Let’s go to the example we provided in the hint. When in an elevator which is going upwards or if we say accelerating upwards, we feel heavy. As Newton has proposed, our weight is the product of our mass and the amount of our acceleration.
Well when we stand still, we experience acceleration due to gravity $(g)$. If we move vertically upwards or downwards this acceleration due to gravity changes. Our masses are constant so this change in our acceleration inside an elevator along with acceleration due to gravity makes us feel heavy. Similarly when we move vertically downwards in an elevator, we feel light.
Now this concept can be applied to our problem in hand.
When the elevator is moving vertically up, our net acceleration increases.
If the acceleration due to gravity is $g$ and the acceleration of the lift is $a$ upwards, the person inside the elevator will experience this $a$ acceleration downwards along the direction of $g$.
So the net acceleration will be,
${a_{net}} = g + a$
Substituting these values we get,
${a_{net}} = 10 + 2 = 12m{s^{ - 2}}$ ………. (1)
Now let’s consider the flipped coin.

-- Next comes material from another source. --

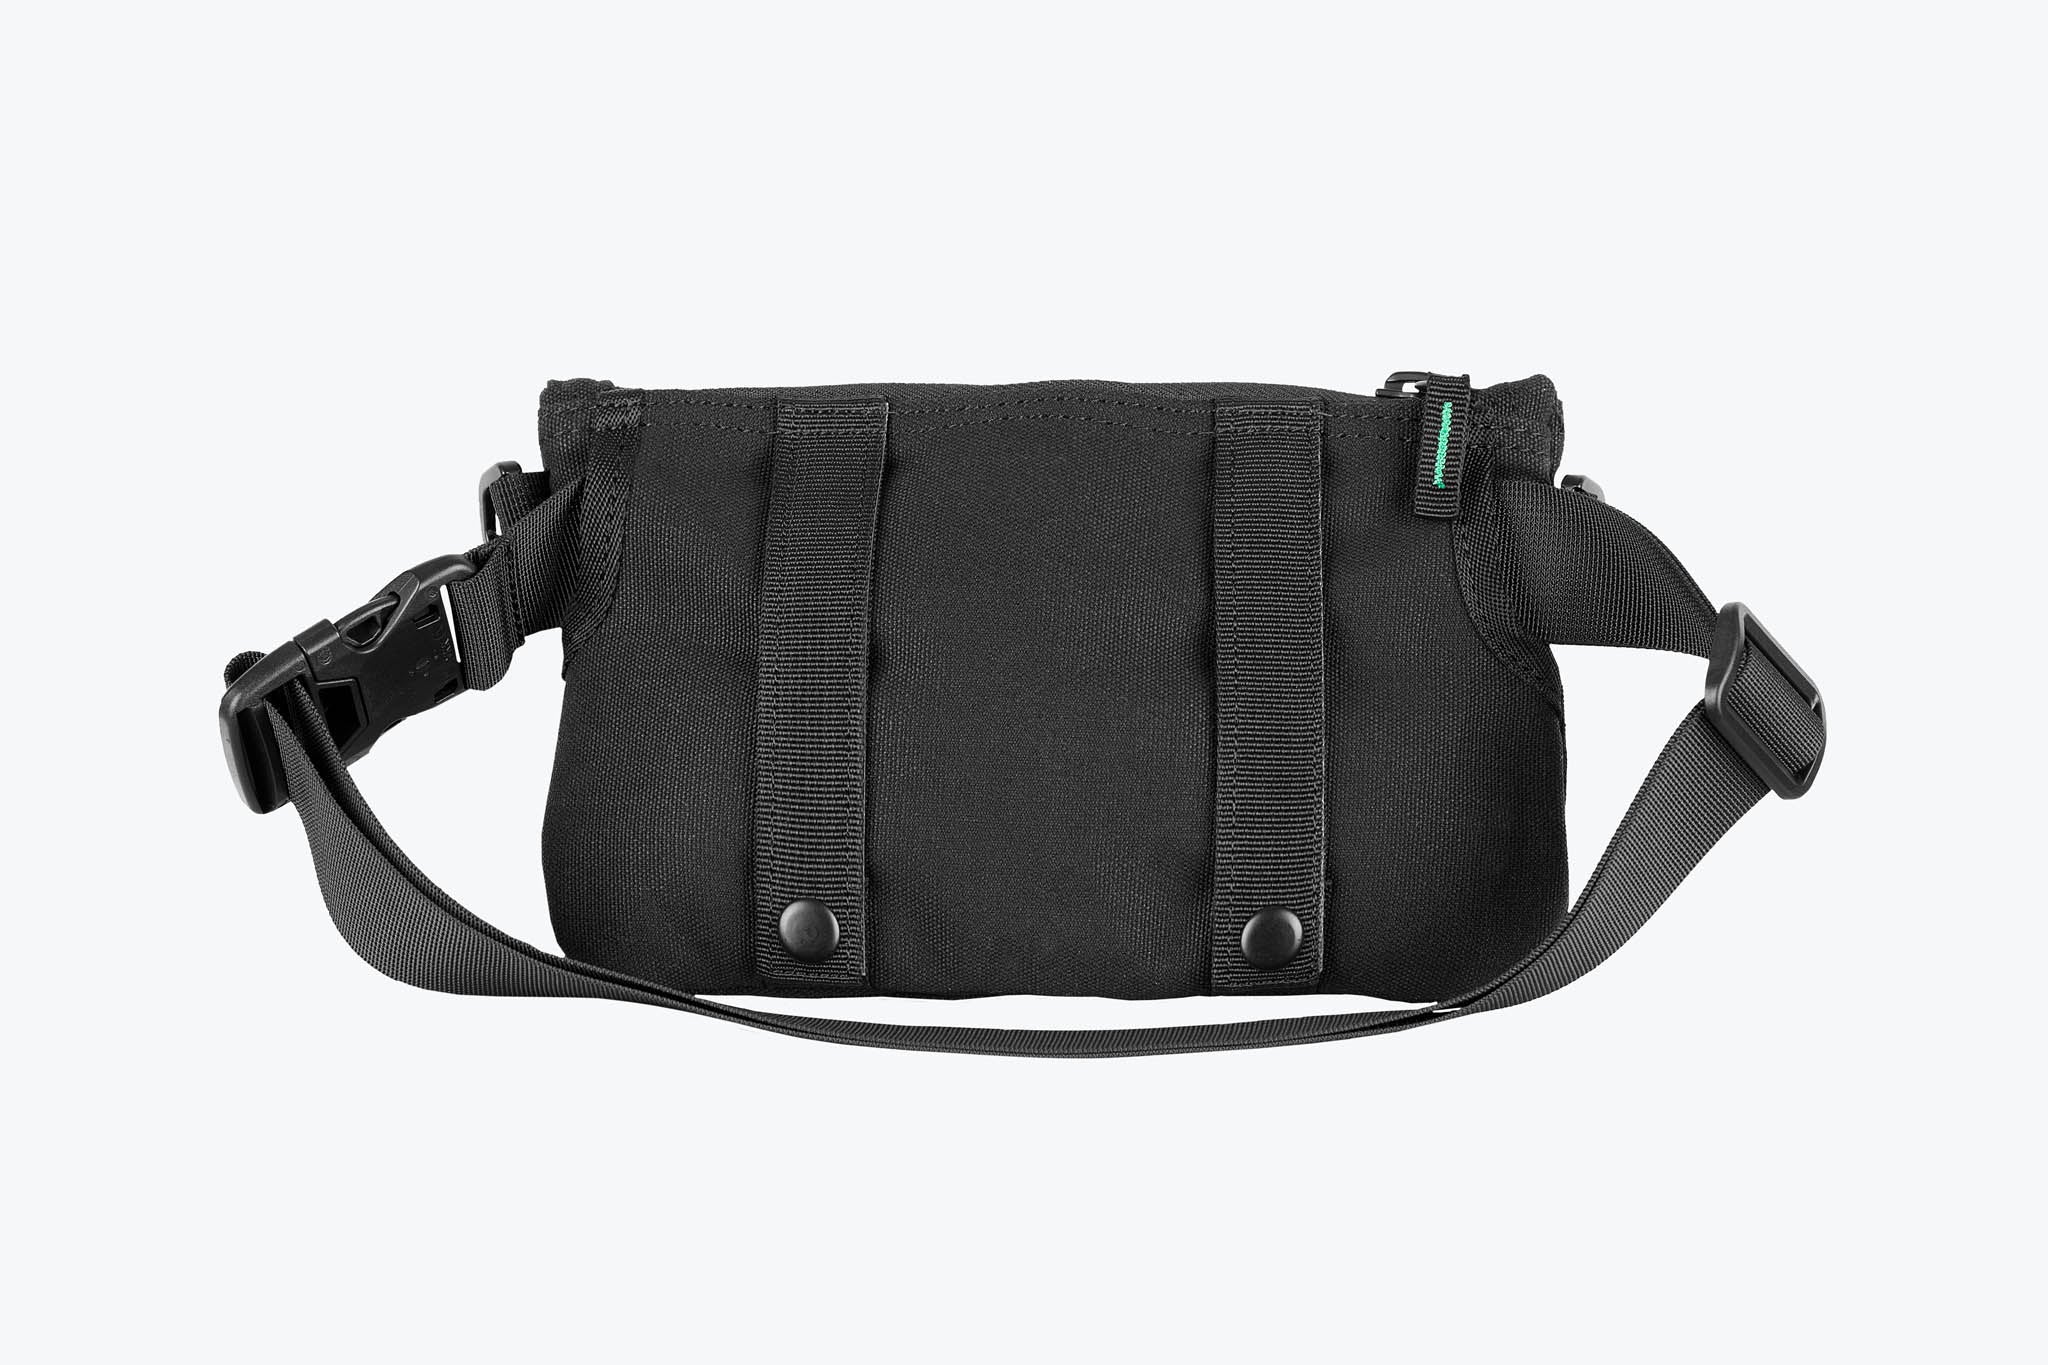 13 Best Fanny Packs For All Price Points

When it returns to the person’s hand its net displacement is zero inside the elevator.
For this scenario, applying the equation of motion, we get
$s = ut + \dfrac{1}{2}a{t^2}$
Where $s$ is the displacement of an object
$u$ is its initial velocity
$t$ is the time of motion
$a$ is the acceleration for the mentioned time frame
As the net displacement is zero,
$\Rightarrow 0 = ut - \dfrac{1}{2}a{t^2}$
The minus sign here implements that the net acceleration of the body is against the direction of the coin that is, the acceleration is opposite to the direction of motion of the coin.
The question mentions that the coin was tossed with the velocity of $20m{s^{ - 1}}$ and we have estimated the value of the net acceleration that is, $12m{s^{ - 2}}$.
Substituting these values we get,
$\Rightarrow 0 = 20t - \dfrac{1}{2} \times 12 \times {t^2}$
$\Rightarrow 3{t^2} - 10t = 0$
Solving this quadratic equation, we get the value of $t$
$\Rightarrow t = \dfrac{{10}}{3}s$
The time required by the coin to return to the hands of the person is $\dfrac{{10}}{3}s$

So the correct answer is option (C).

Note: The direction of motion is an important aspect of solving these problems. Note that however the elevator is accelerating upwards, we have to consider the acceleration of the person in the lift or the coin tossed inside it. Be careful around direction notations and system of units.